Key Classes and Methods of the sched Module

The scheduler() class is defined in the sched module is used to create a scheduler object. Here is the syntax of the class −

scheduler(timefunc=time.monotonic, delayfunc=time.sleep)
The methods defined in scheduler class include −

scheduler.enter(delay, priority, action, argument=(), kwargs={}) − Events can be scheduled to run after a delay, or at a specific time. To schedule them with a delay, enter() method is used.
scheduler.cancel(event) − Remove the event from the queue. If the event is not an event currently in the queue, this method will raise a ValueError.
scheduler.run(blocking=True) − Run all scheduled events.
Events can be scheduled to run after a delay, or at a specific time.

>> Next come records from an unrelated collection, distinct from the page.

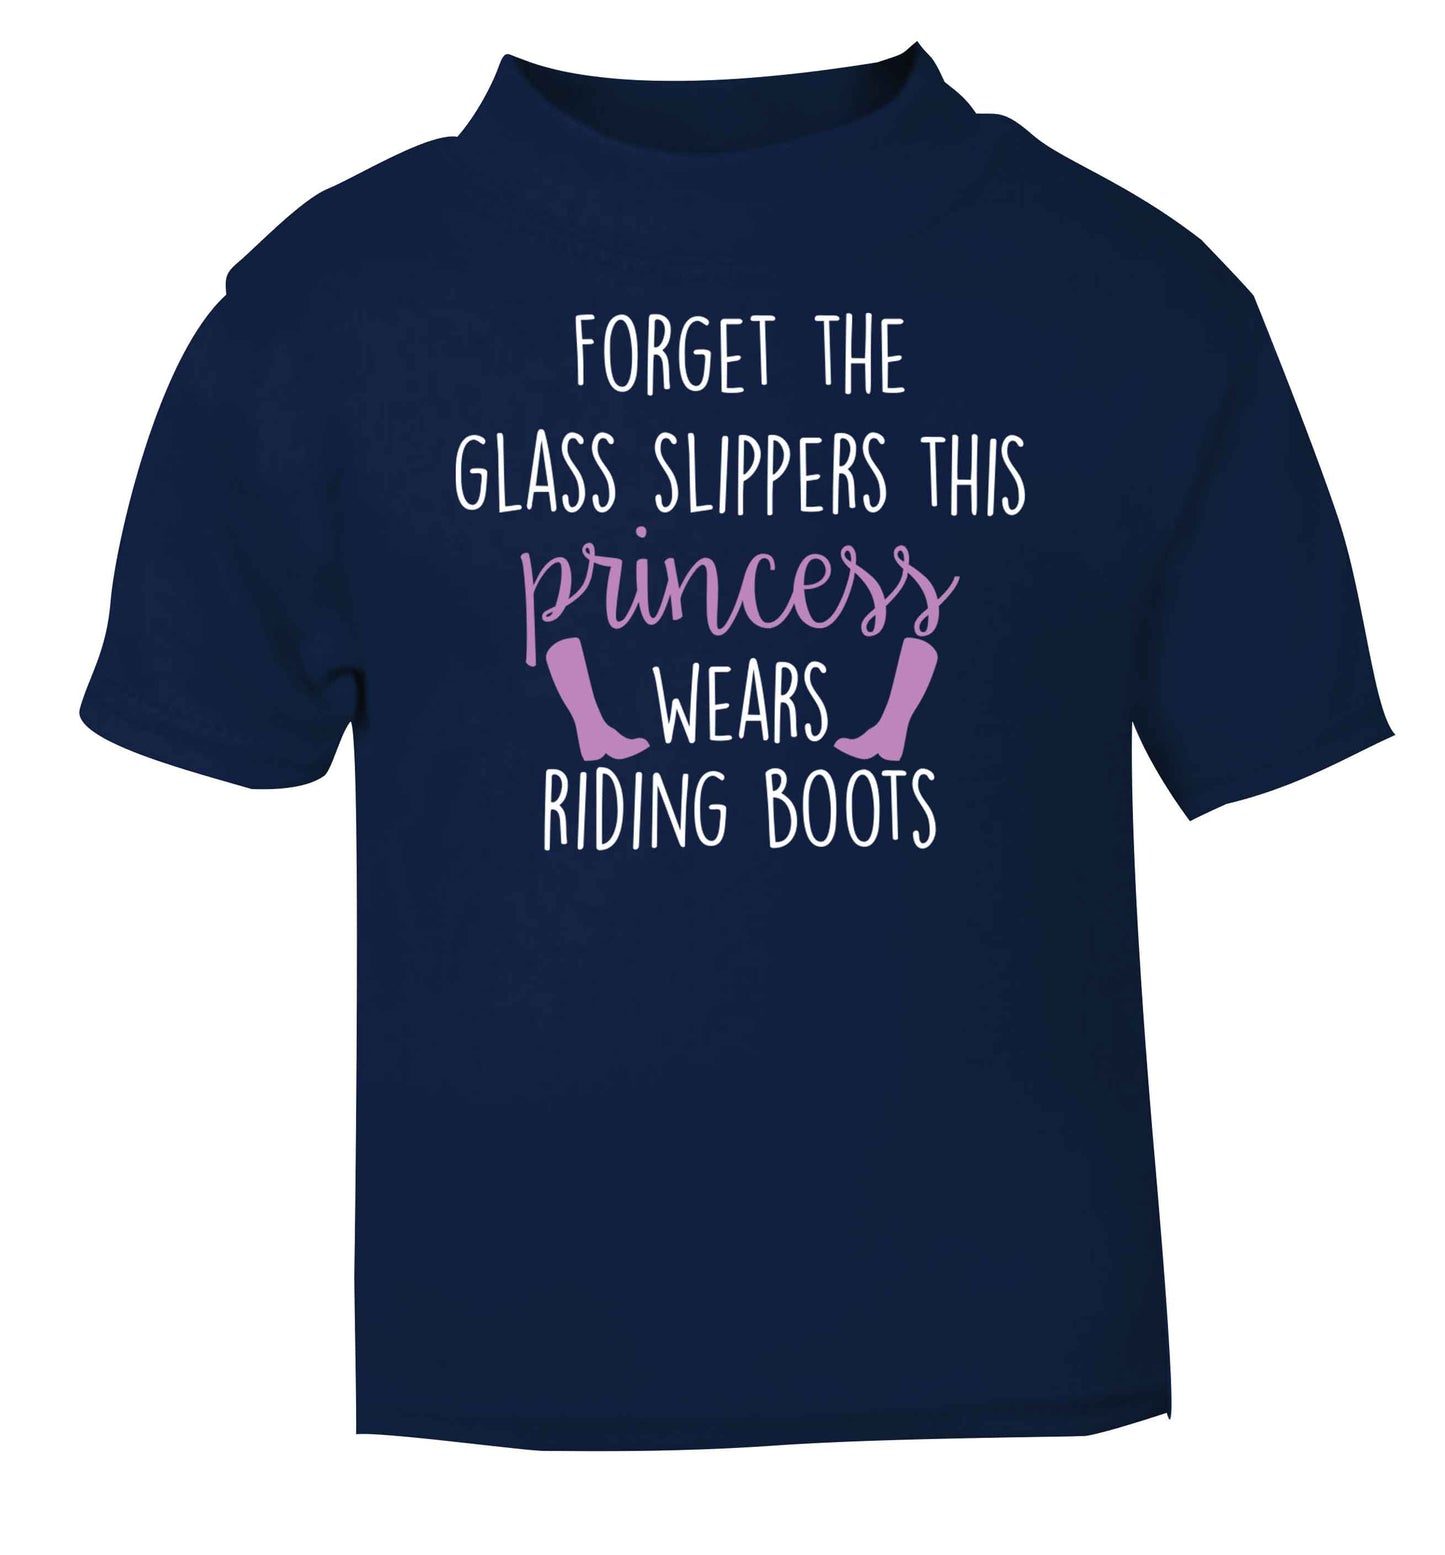 Forget the glass slippers this princess wears riding boots navy baby toddler Tshirt 2 Years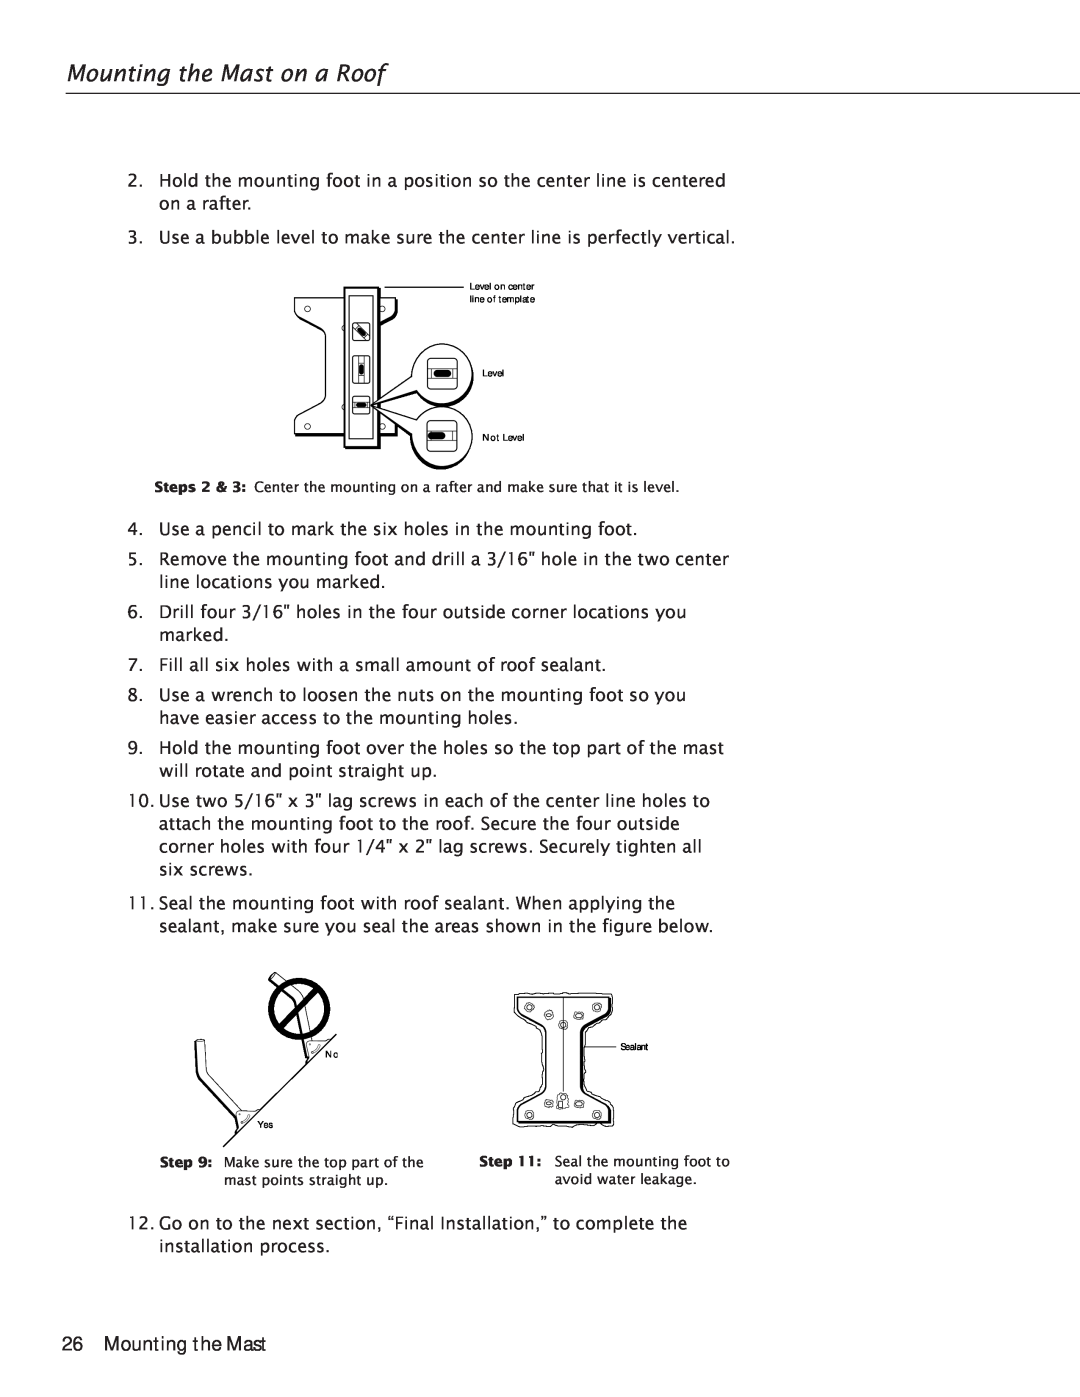 RCA Satellite TV Antenna manual Mounting the Mast on a Roof 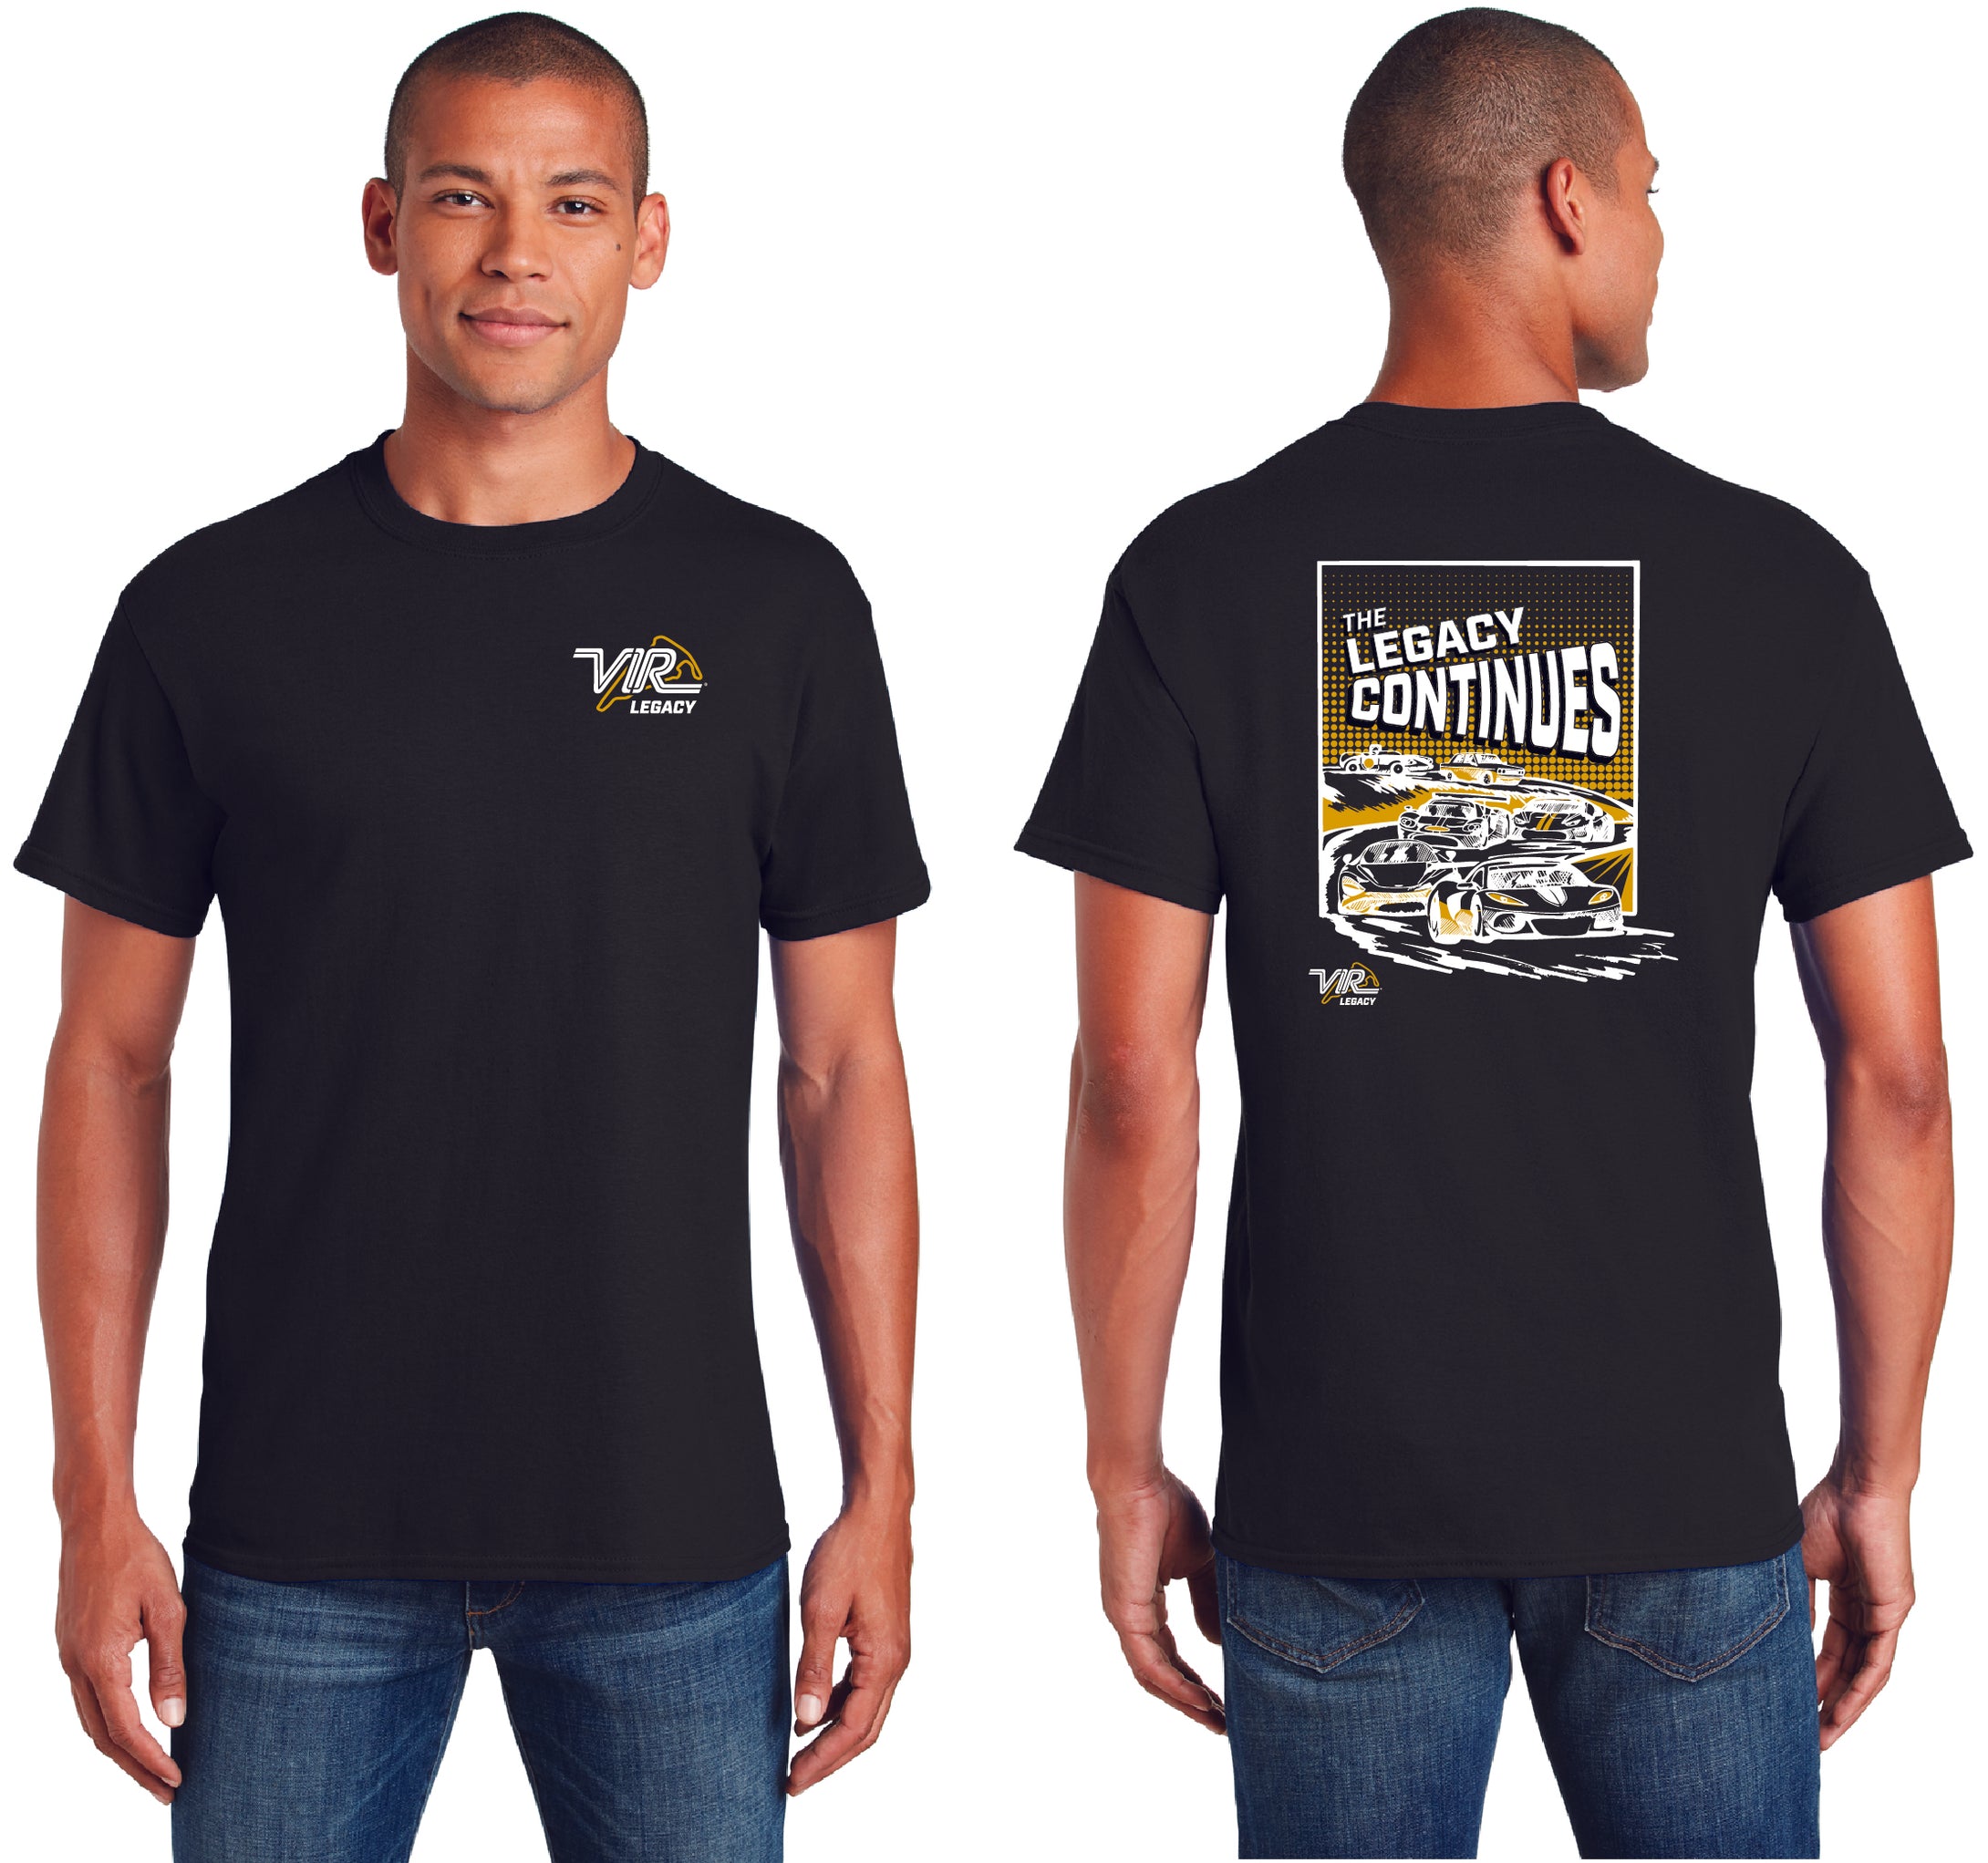 VIR Legacy Continues Tee (Size: S - 3XL)

To schedule them with a delay, use the enter() method, which takes four arguments.

A number representing the delay
A priority value
The function to call
A tuple of arguments for the function
Example

This example demonstrates how to schedule events to run after a delay using the sched module. It schedules two different events −

import sched
import time

scheduler = sched.scheduler(time.time, time.sleep)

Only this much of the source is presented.